# Put up Kidding Cam only to realize I have VERY LAZY GOATS!



## Bellafire Farm (Jan 5, 2010)

So I FINALLY got the kidding camera hooked up to view all my preggo's... they still have about a week to go... 
but I've realized that I have some SERIOUSLY lazy goats!! Jeezzzzz!!! It's not even raining and they're all inside snuggled up sleeping ALL DAY! I'm certainly second guessing the kidding cam! LOL!!! I felt better thinking they were "Real" animals that actually grazed!! No wonder my feed bill is HIGH, they just sleep in there all day until I come driving up to feed them! :doh: LOL!!
:ROFL: :slapfloor:

http://www.ustream.tv/channel/bellafire ... idding-cam


----------



## nancy d (Oct 5, 2007)

*Re: Put up Kidding Cam only to realize I have VERY LAZY GOAT*

Well at least they get some excercise, even if its only getting up to eat! :cake:


----------



## Bellafire Farm (Jan 5, 2010)

*Re: Put up Kidding Cam only to realize I have VERY LAZY GOAT*

I've determined the only exercise is their trickery of...

"Hurry, I hear mom's truck! Run outside and pretend to graze!!"

Of course the usually fairly mellow herd queen (who is now nearly bursting with quads!) is VERY VERY cranky! And her 'personal bubble space' seems to be ANYTHING within about 10 ft!! So she seems to be "exercising" the herd for me by throwing dirty looks & causing them to run in fear!! LOL!!


----------



## StaceyRosado (Oct 5, 2007)

*Re: Put up Kidding Cam only to realize I have VERY LAZY GOAT*

it sounds like its raining -- but is light out or do you have a light on?

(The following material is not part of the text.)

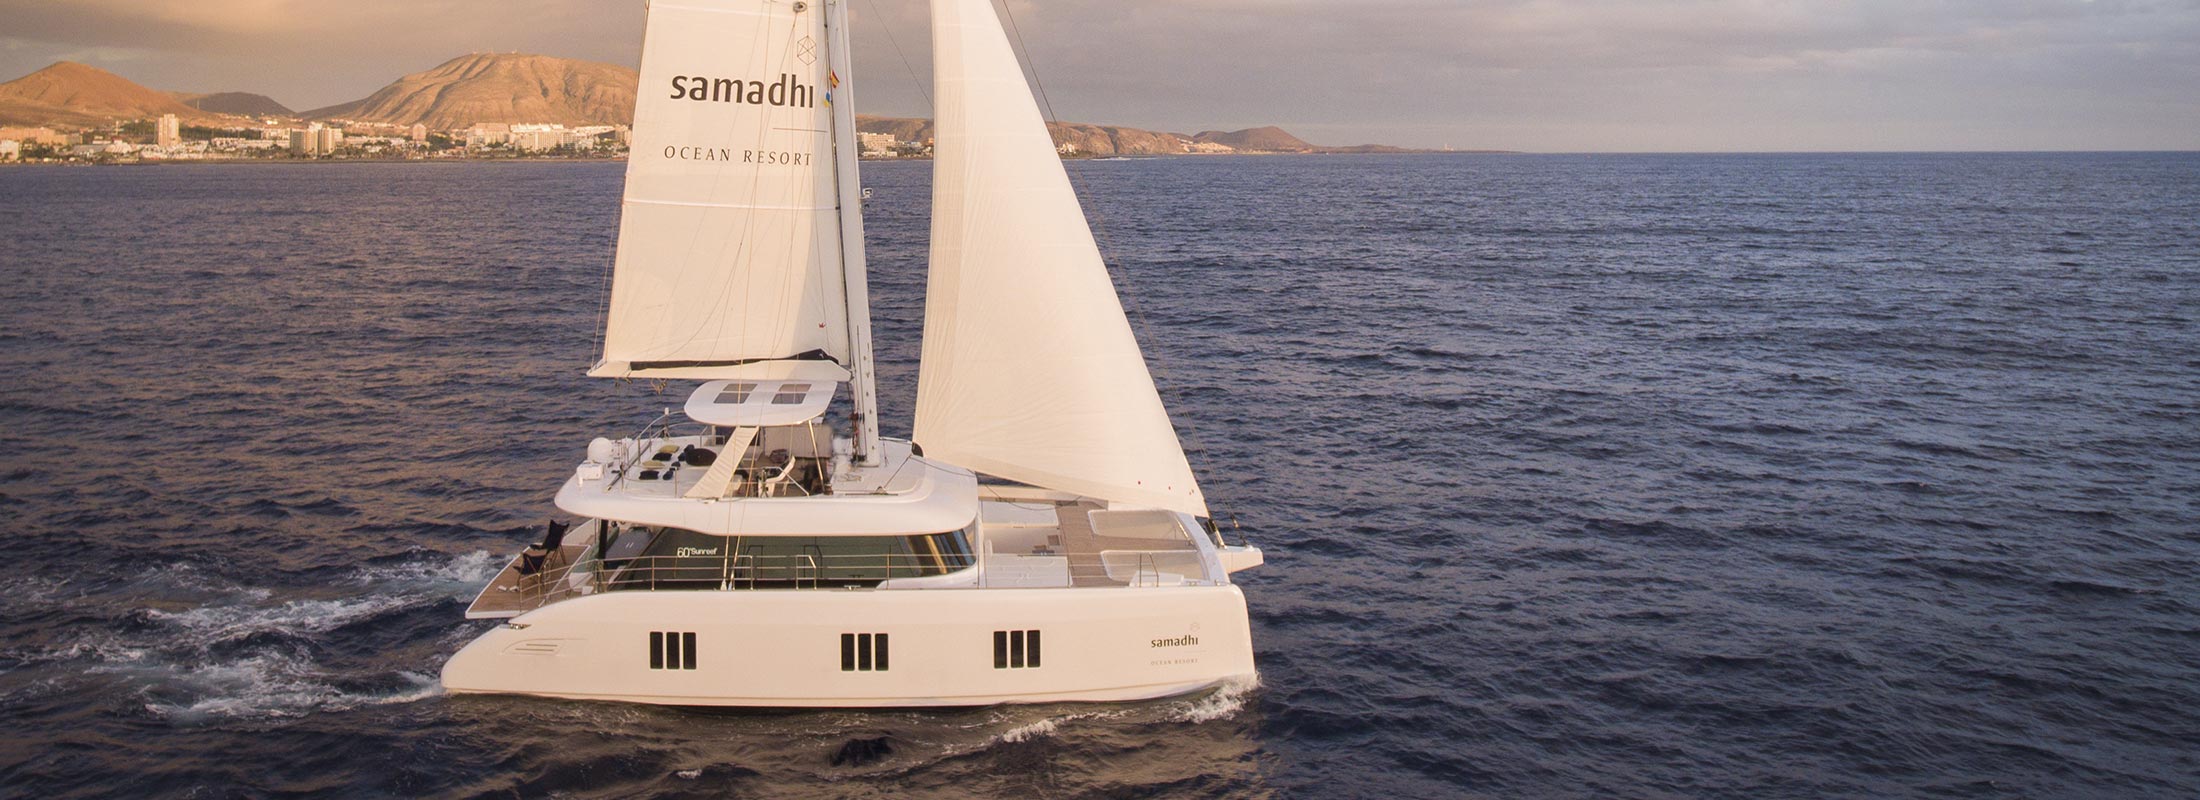 Samadhi-sailing-catamaran-charter-a-yacht-slider-1.jpg

its funny to see it light out when its so dark here already


----------



## Bellafire Farm (Jan 5, 2010)

*Re: Put up Kidding Cam only to realize I have VERY LAZY GOAT*

Oh my gosh... yes, the first night I was sitting outside in the freezing temp's & wind & rain and FINALLY got the camera working over the internet (but I couldn't actually see it on my own laptop there)... so I drove home and realized the screen was completely pitch black & if I turned the volume way up I could only hear the goaties breathing... LOL!! 
MEMO TO ME - TURN ON A LIGHT! Ha ha ha!! :wink:

I'm looking forward to Mirage kidding so I can get her some serious antibiotics... she's WAY too far along and huge to get her into & out of the back of my truck right now (heck I couldn't fit her in the backseat of a car right now she's so big!) so I told the vet I'd be in after she kidded for some Nuflor. Ugh. Poor baby. She's maintaining though, never any fever, usually it's better but right now it's pouring rain & yucky this week, so she coughs a bit more right now. Poor baby...


----------



## firelight27 (Apr 25, 2009)

*Re: Put up Kidding Cam only to realize I have VERY LAZY GOAT*

I've been watching the camera off an on tonight. It is very cute how Mirage and Macy cuddle together.


----------



## Randi (Apr 22, 2011)

*Re: Put up Kidding Cam only to realize I have VERY LAZY GOAT*

I could sit here and watch these girls all day! If it wasn't for the breathing I would think it was a still shot! :greengrin:


----------



## milk and honey (Oct 31, 2010)

*Re: Put up Kidding Cam only to realize I have VERY LAZY GOAT*

This is why I dont have a camera on me too!!!!


----------



## Bellafire Farm (Jan 5, 2010)

*Re: Put up Kidding Cam only to realize I have VERY LAZY GOAT*

Everybody is shedding like crazy, so they all have these cotton puffs of undercoat that are falling off all over them... makes them look so scraggly! Grrr...go away yucky torrential downpour of rain & cold temps so I can shave my goaties beautiful!! Please ray:


----------



## TinyHoovesRanch (Jan 16, 2010)

*Re: Put up Kidding Cam only to realize I have VERY LAZY GOAT*

I love this...hahaha


----------



## firelight27 (Apr 25, 2009)

*Re: Put up Kidding Cam only to realize I have VERY LAZY GOAT*

I know what you mean, I feel the same way. I was contemplating if I could start shaving yet last night, we went hiking and it was in the upper sixties. I'm glad I decided against it, because this morning it was cold, windy and it has been pouring all day! I just want to shave my girls and see how they look under there, especially my youngster who did a lot of growing over the winter!


----------



## Bellafire Farm (Jan 5, 2010)

*Re: Put up Kidding Cam only to realize I have VERY LAZY GOAT*

So I added my EMERGENCY personal cell # to my website here: http://bellafirefarm.webs.com/contactus.htm

Or copied from the site here: 
"My personal cell (emergency only) is 503-720-3018, but I respectfully ask that it be used for emergency/kidding situations only."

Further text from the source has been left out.